Wij zien thans dat het verraad aan Marx, waaraan ik mij schuldig gemaakt zou hebben, door hem zelf reeds in 1871 gepleegd is. Tussen de eerste en de tweede uitlating lagen twee decennia van de geweldige geestelijke arbeid, waarvan Het Kapitaal de vrucht was.

Wie zich in de kwestie over het terrorisme op Marx beroepen wil, heeft geen recht bij zijn opvatting van 1848 te blijven staan en die van 1871 voorbij te gaan.

Evenals Marx toonde Engels zich in 1870 weinig enthousiast voor het terrorisme. De 4e september 1870 schreef hij aan Marx:

“Wij verstaan onder schrikbewind de heerschappij van lieden, die schrik verspreiden; maar het is omgekeerd: het is de heerschappij van mensen die zelf geschrokken zijn. De terreur, dat zijn hoofdzakelijk nutteloze gruweldaden, begaan door lieden die angstig zijn, om zichzelf gerust te stellen. Ik ben overtuigd dat de schuld van het Schrikbewind van 1793 bijna uitsluitend valt op de door angst bevangen, zich als patriotten voordoende bourgeois, op de kleine burgermannetjes en op het gepeupel dat tijdens de terreur zijn slag trachtte te slaan.” (Briefwisseling tussen Marx en Engels IV 379, 380.)
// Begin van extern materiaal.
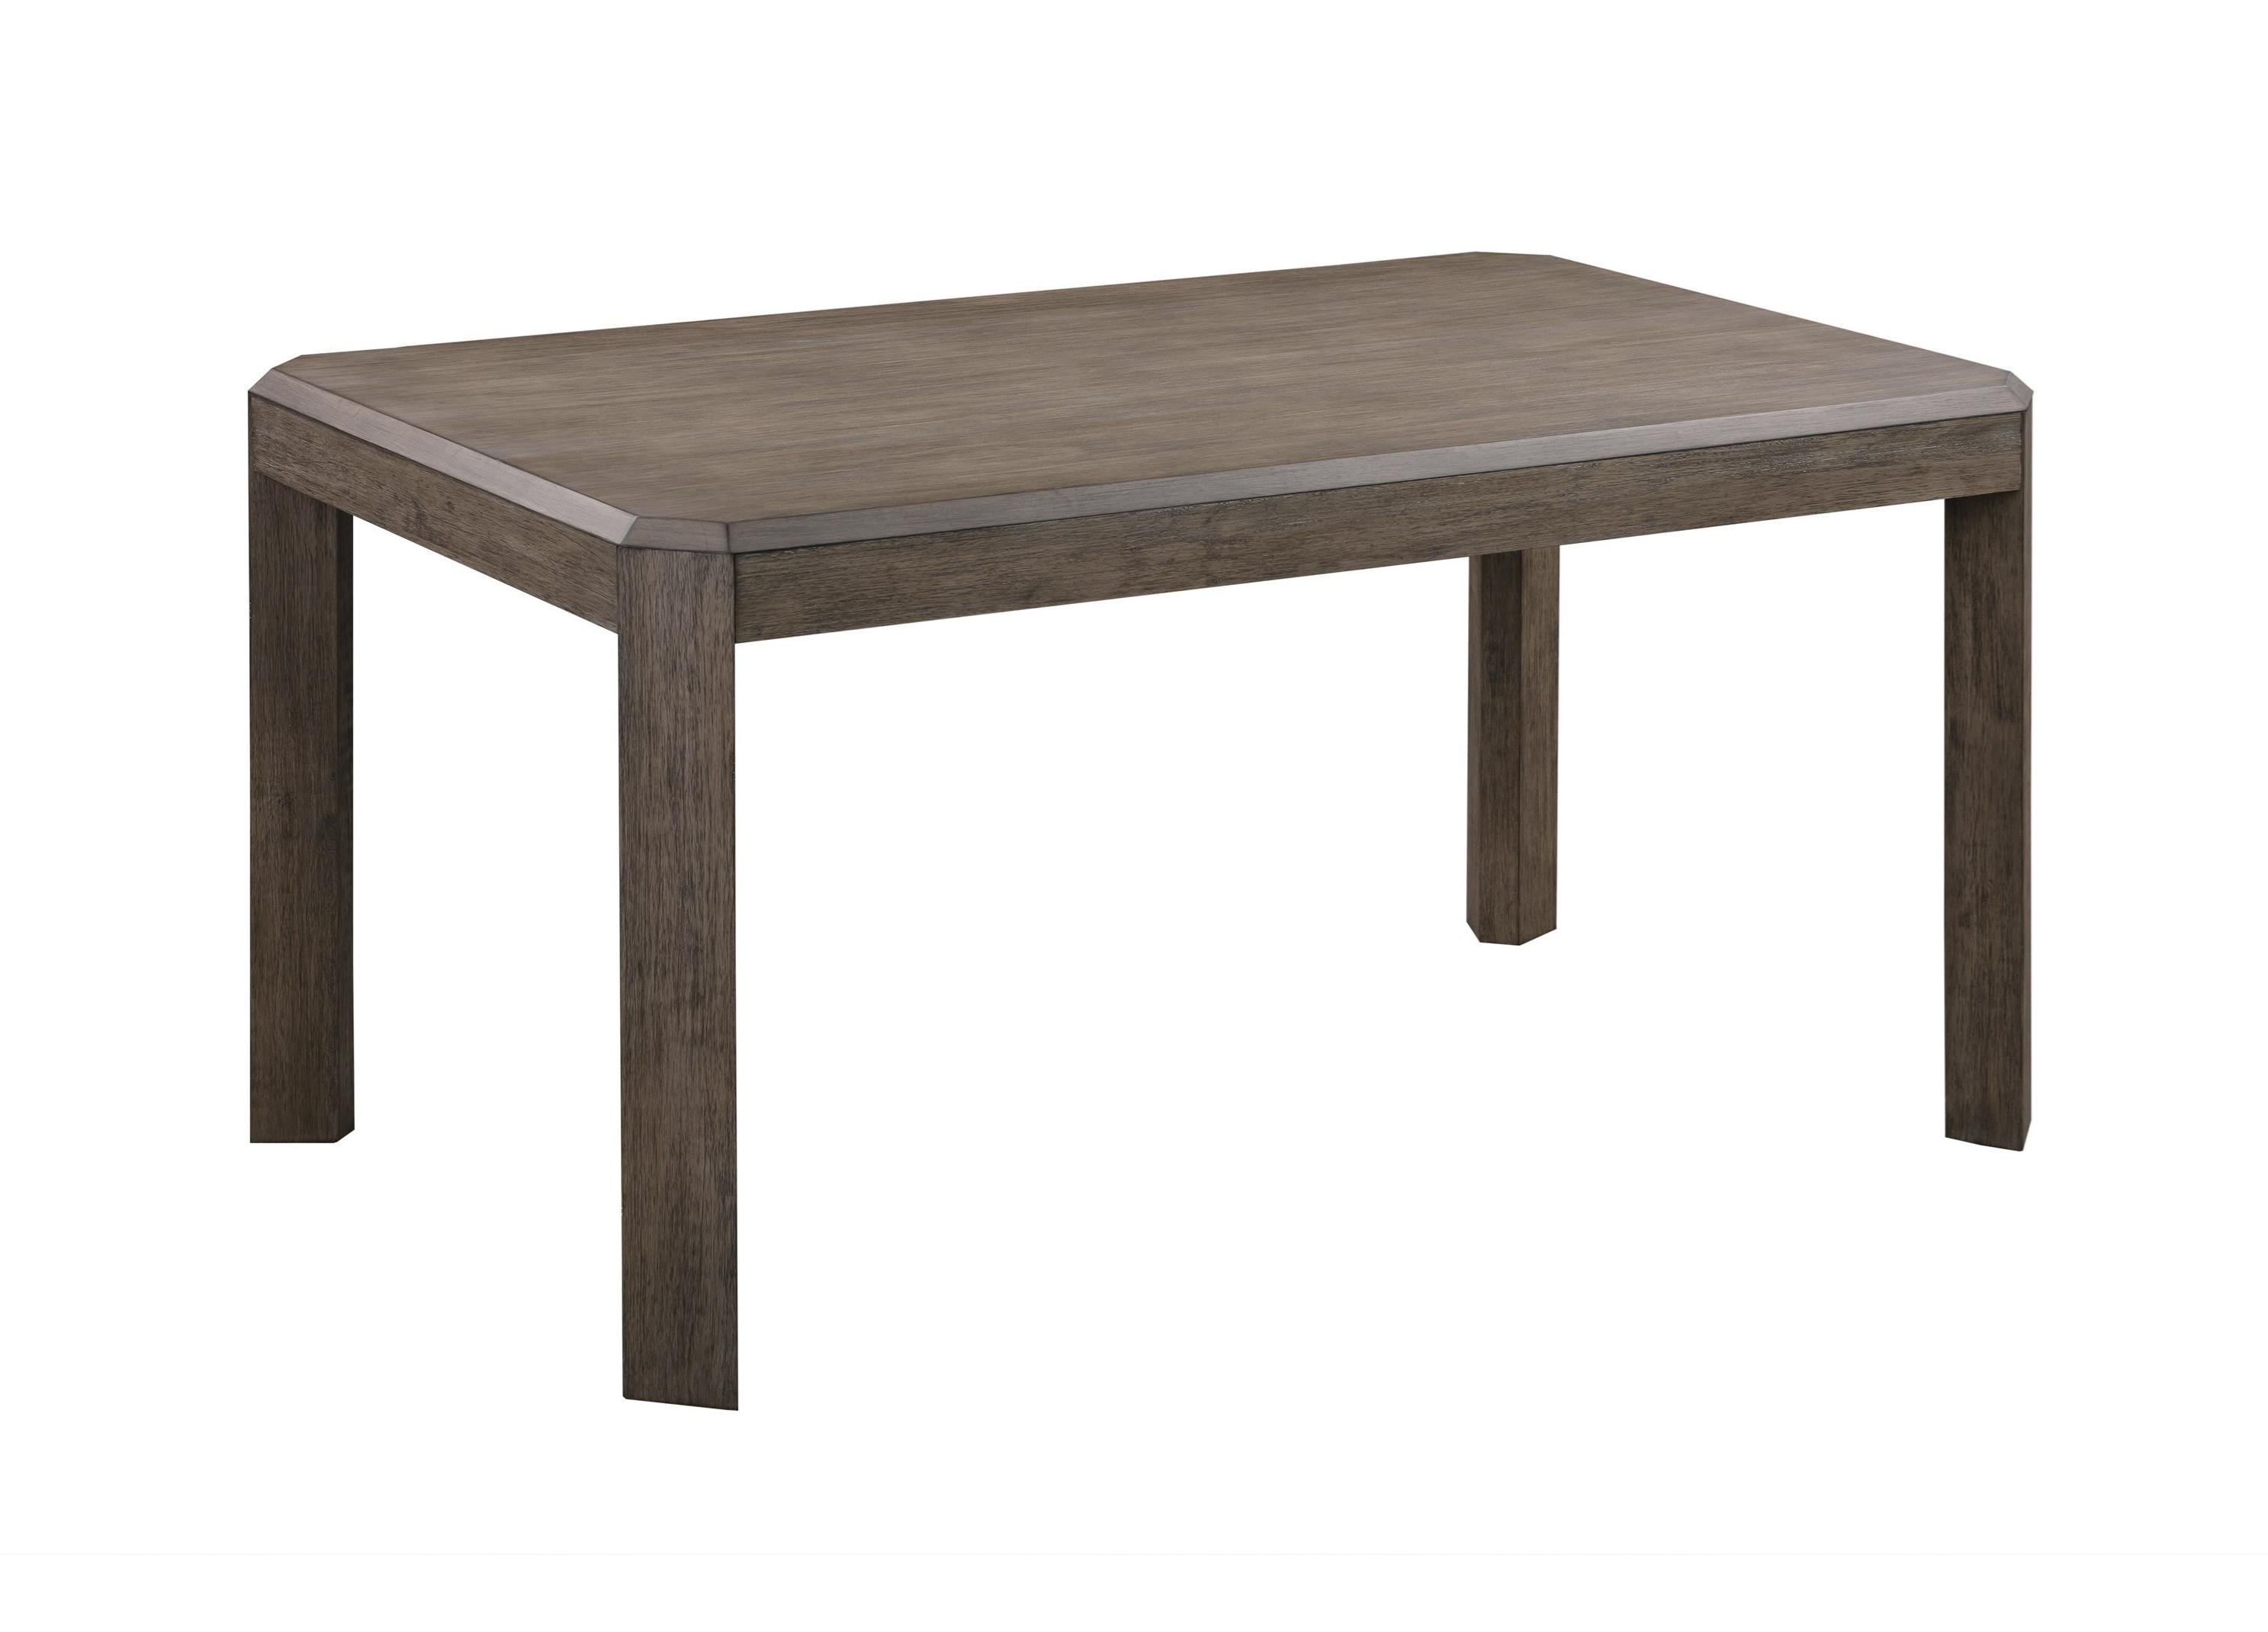 Transitional Dining Table ACADIA GHCL60 in Toffee

Marx had volkomen gelijk, toen hij met voldoening er op wees dat de tweede Parijse Commune vrij bleef van elke gewelddaad, waaraan de eerste zo rijk was. De gewelddaden die tijdens haar bestaan te Parijs gepleegd zijn komen niet op haar rekening. Hiermee wordt echter niet gezegd dat de idee van het terrorisme in de Commune geen rol gespeeld heeft en door al haar leden verworpen werd. Dat was geenszins het geval.

Wij willen dat nader uiteenzetten en daarbij een parallel trekken tussen de Parijse Commune van 1871 en de Sovjetrepubliek. Deze toch beroept zich dikwijls op gene als haar voorbeeld en haar rechtvaardiging. En Friedrich Engels heeft in zijn voorrede bij de derde uitgave van Marx’ Burgeroorlog in Frankrijk verklaard dat de Parijse Commune de dictatuur van het proletariaat was. Dan loont het de moeite nader te zien hoe deze dictatuur er uitzag.

_______________
[1] In het oorspronkelijke met grootte vette letter gedrukt.